" C'est une foule de détails qui viennent circonscrire, comme par des touches subtiles, le motif central, un ménage uni, confiant, vaillant jusqu'à l'héroïsme sans le savoir. Il y a dans ce prosaïsme une sorte de poésie de haute classe dqu'il n'est pas aise de libérer. On pénètre dans ce film par l'escalier de service.
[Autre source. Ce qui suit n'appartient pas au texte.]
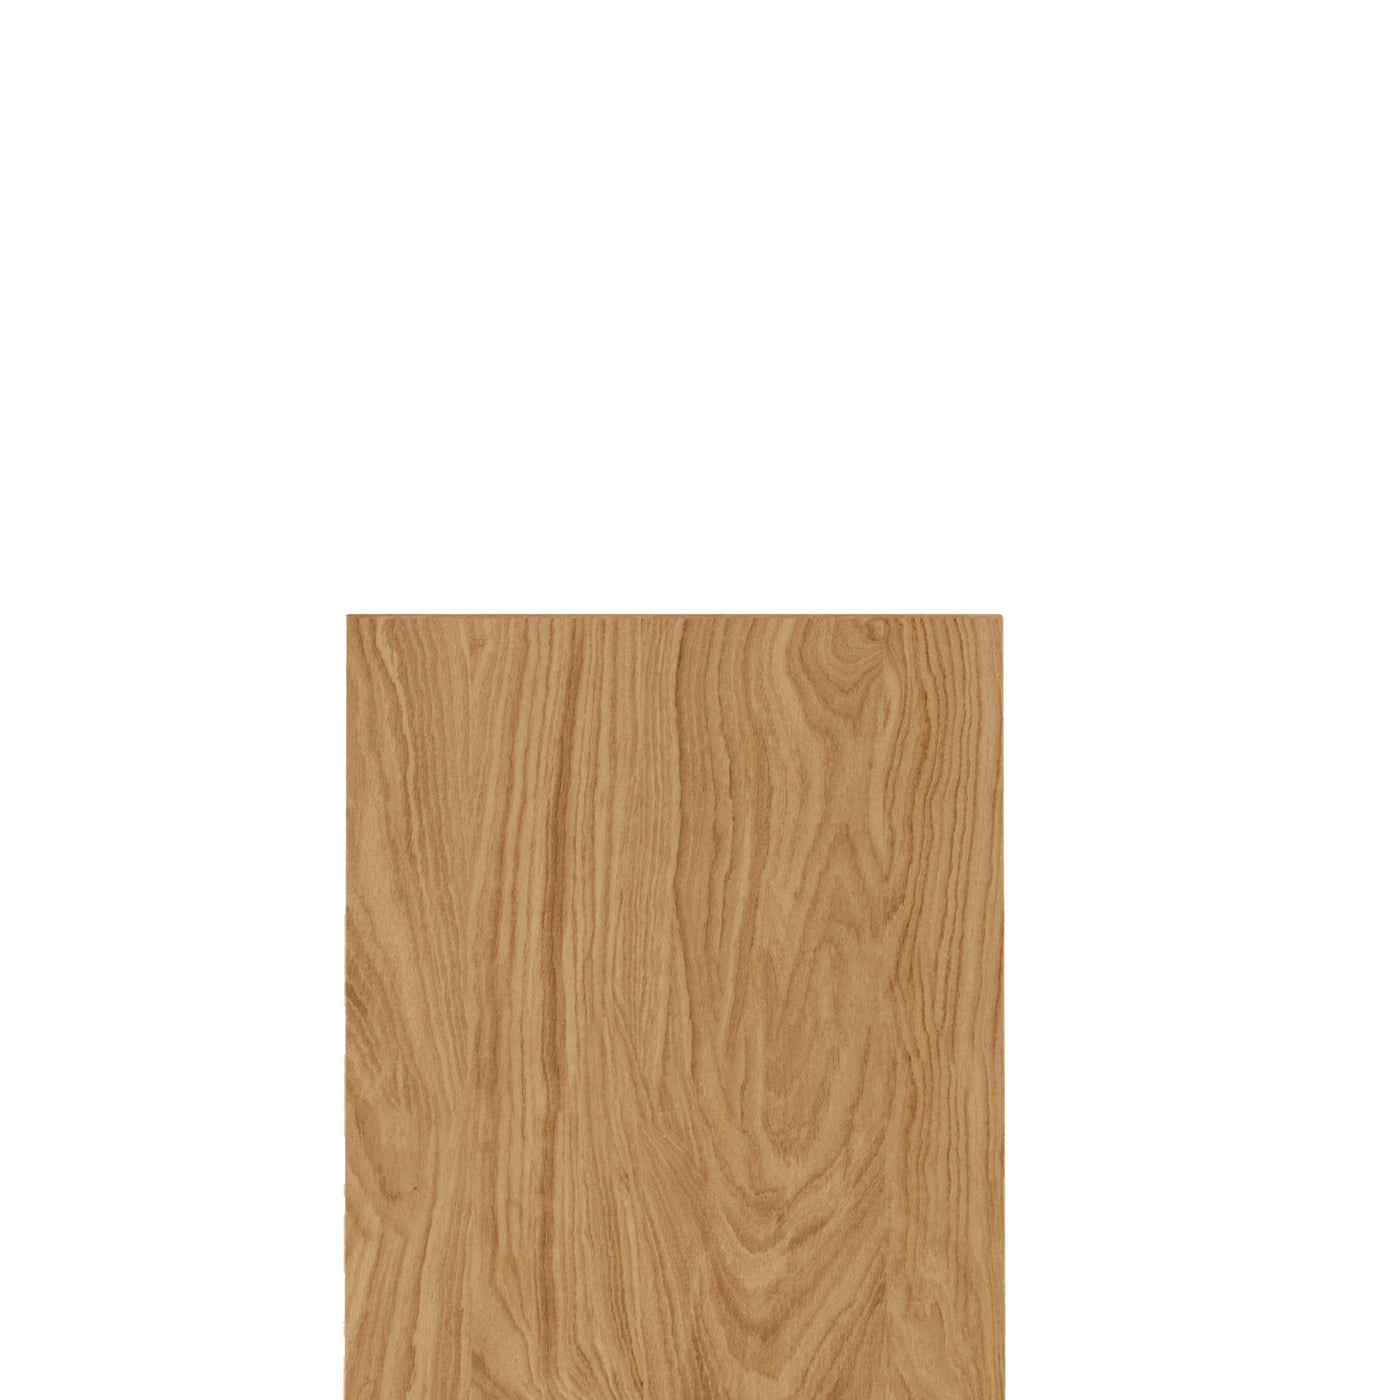 Floating Shelf- White Oak - 1.75 Inches Thick

La cuisine, la chambre, la poussière sur les objets, les objets eux-mêmes, les plus modestes, deviennent des personnages à la manière d'Ibsen (on se souvient de la Tour de “Solness”, de la boite aux lettres de “Maison de poupée”), ou c'est encore l'avion familial mis au point la nuit dans le garage ou le piano de la fillette qui sont préposés à jouer un rôle considérable.
Cette esthétique est à l'antipode de l”école russe avec ses angles rares, de la manière expressionniste allemande ou du confort ouaté du film américain. Le style de Grémillon est, ici, essentiellement français, selon la tradition d'un renoir, d'un René clair qui, l'un des premiers, a jeté les bases de notre école contemporaine, à la manière aussi d'un Bernard-Deschamps, dont Monsieur Coccinelle procède d'une même essence (…)
Au fond, Le ciel est à vous constitue un vaste poème d'amour, d'amour réciproque, humble et total (…) On s'en aperçoit à peine tant l'idée, ici est une résultante. Les petits côtés des choses cachent les grandes, c'est pourquoi ce film éveille en nous de profondes résonances et fait réfléchir. Il est riche d'une observation constante, fine et malicieuse. Le portrait de la belle-mère qui récrimine sans cesse, est un modèle du genre et l'on sent que Grémillon musicien (à qui l'on doit le commentaire musical de son propre film Tour au large) s'est amusé, voire vengé de la stupidité du petit bourgeois dès qu'il s'agit de musique. La chute du piano lors du déménagement, l'achat d'un nouvel instrument où le choix du meuble a failli survlasser les préoccupations de timbre, la petite pierre, que dis-je, le pavé métaphorique qu'il lance sur les trompettes d'Aïda, tout cela porte sa griffe, comme elle se retrouve dans le souciconstant de faire jouer à la musique au rappel de certains effets sonores (chute du piano), à la chanson populaire, un rôle constructeur des plus importants."